Data shown.
□ □ □ □

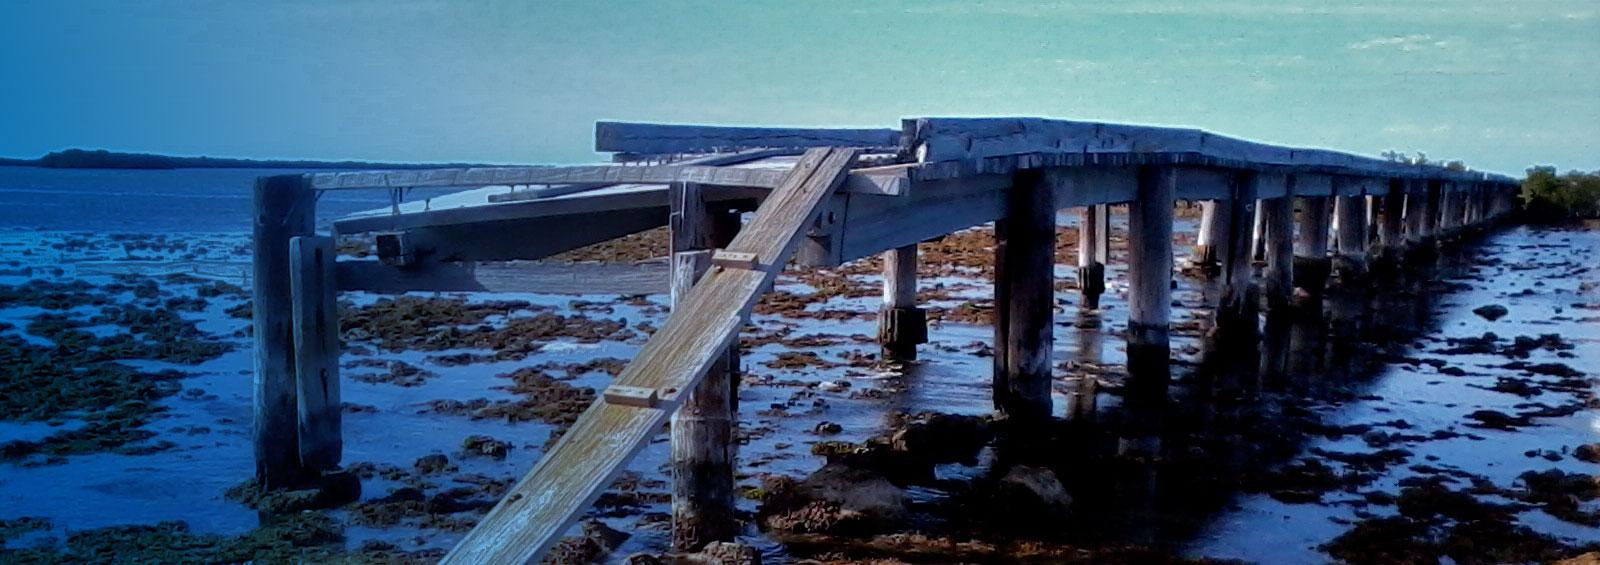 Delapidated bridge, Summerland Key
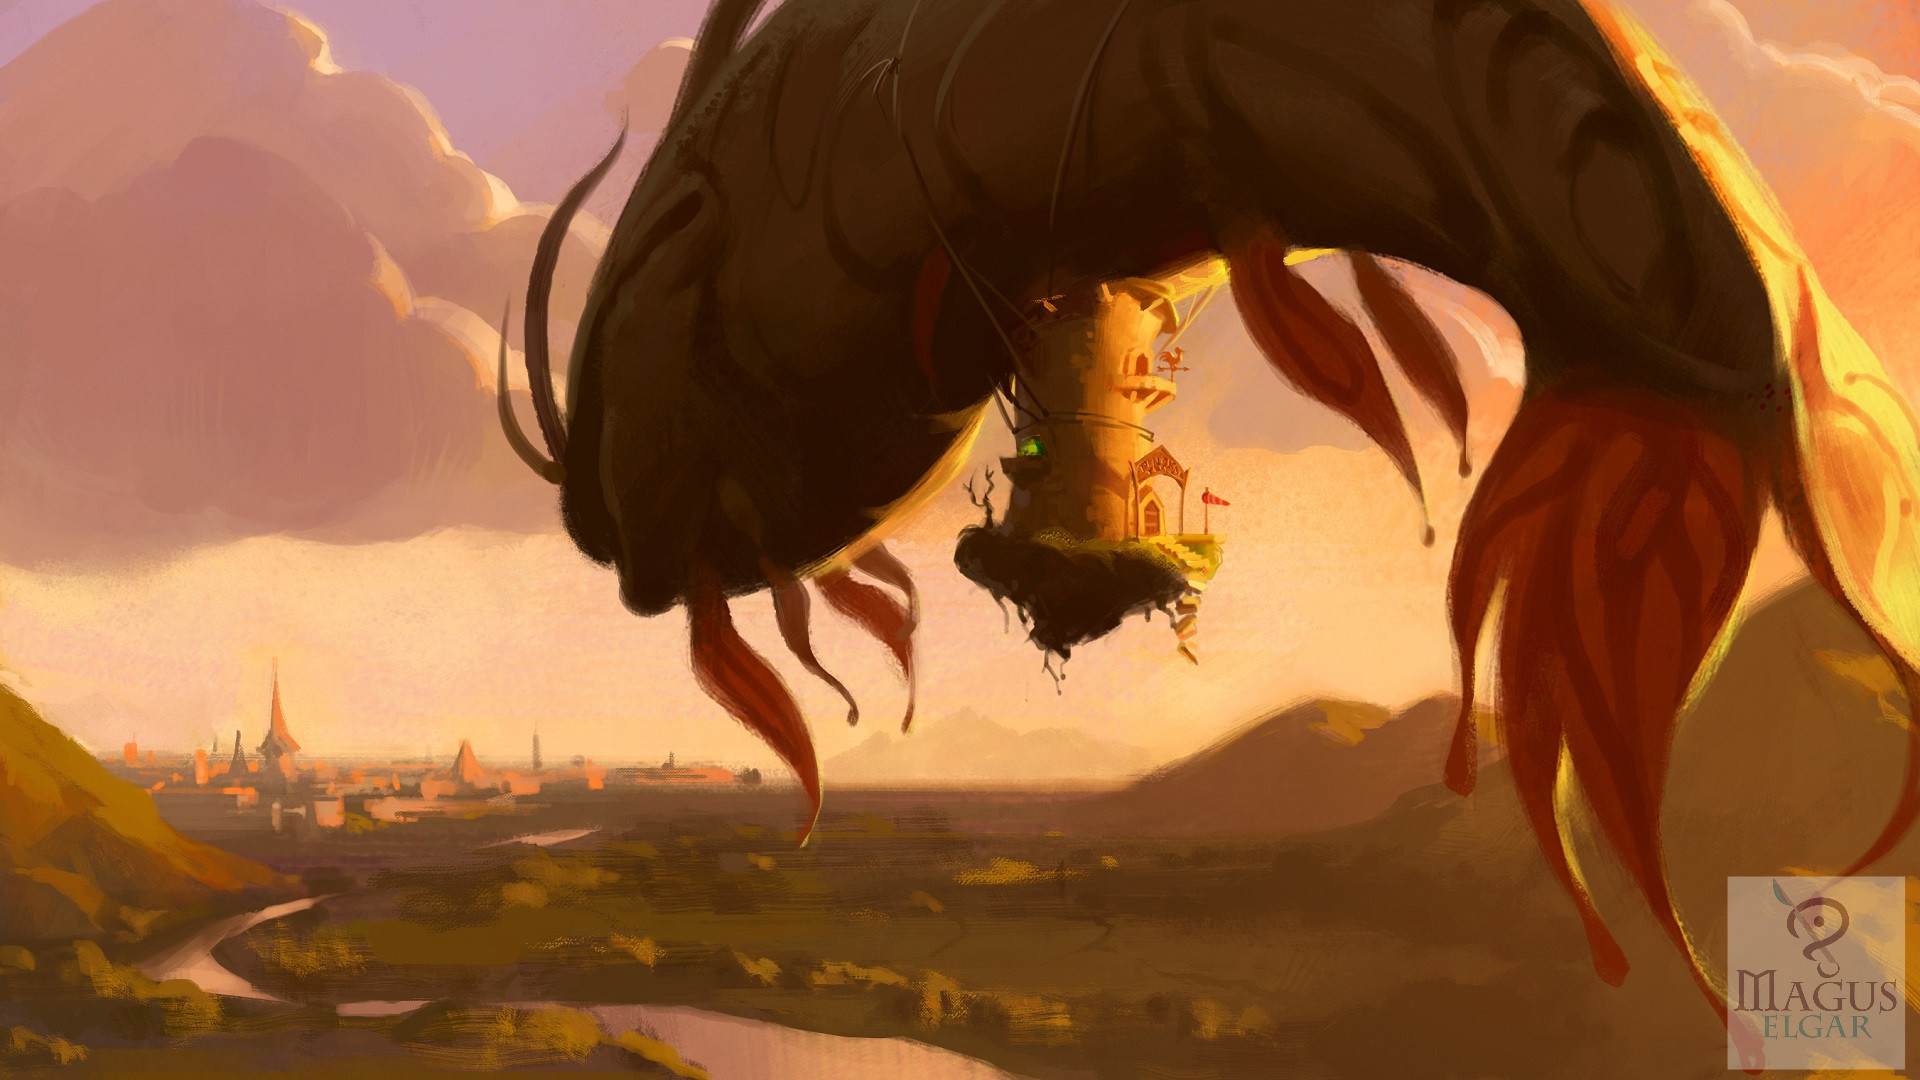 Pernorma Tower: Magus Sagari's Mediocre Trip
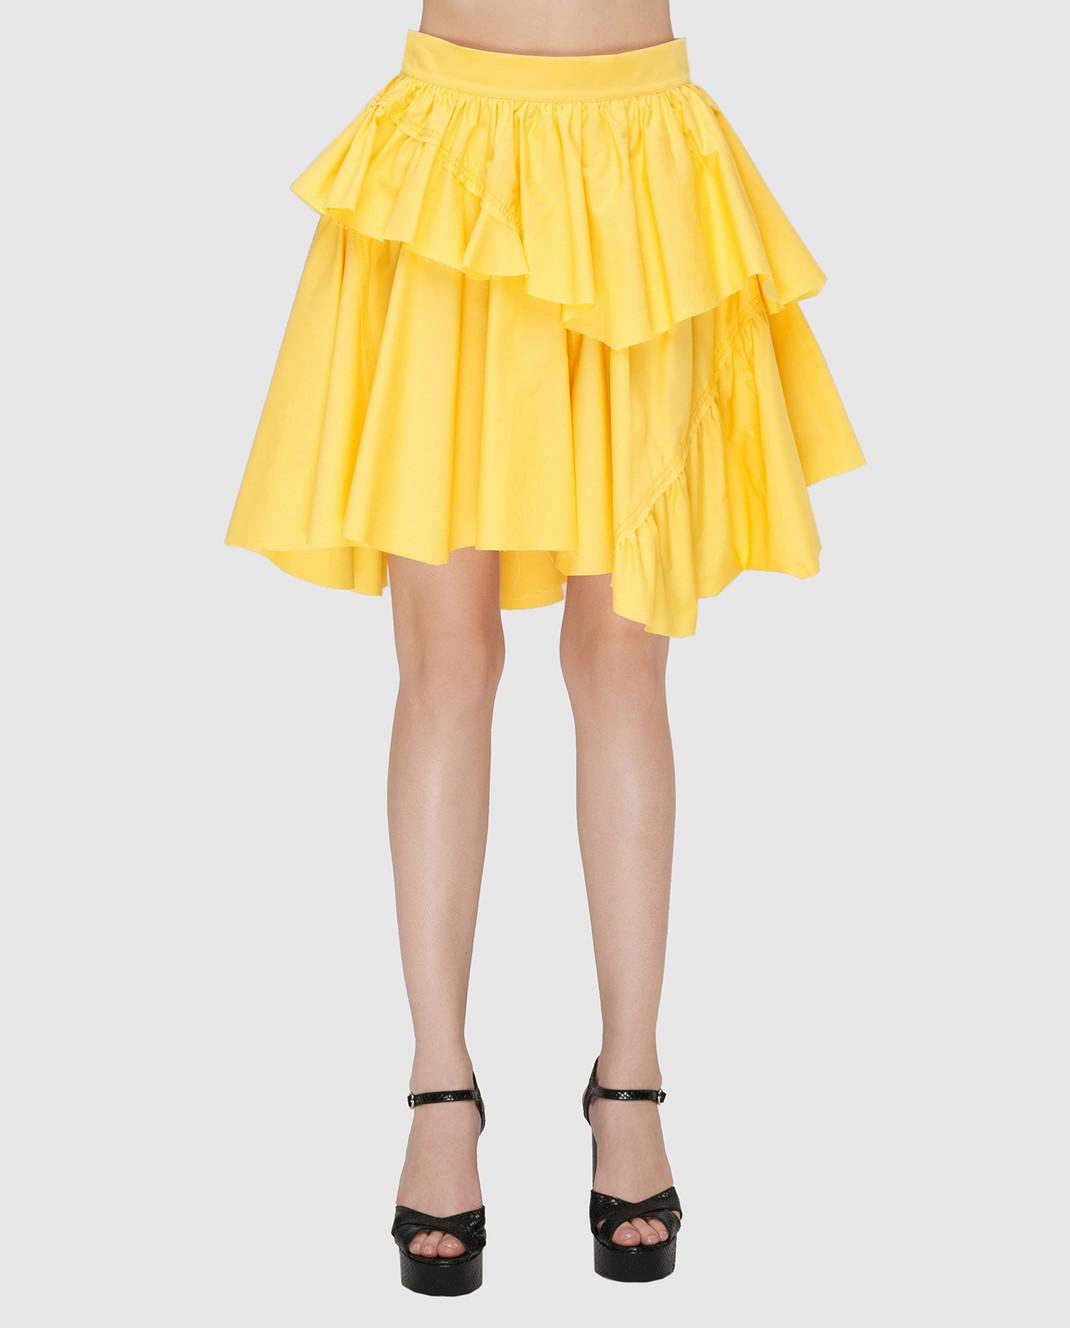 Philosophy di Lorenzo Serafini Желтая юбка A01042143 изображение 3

□ □ □ □

Exercise prompt.
Word for word, retype the material above without its pictures.

Solution to the exercise.
 Delapidated bridge, Summerland Key
 Pernorma Tower: Magus Sagari's Mediocre Trip
 Philosophy di Lorenzo Serafini Желтая юбка A01042143 изображение 3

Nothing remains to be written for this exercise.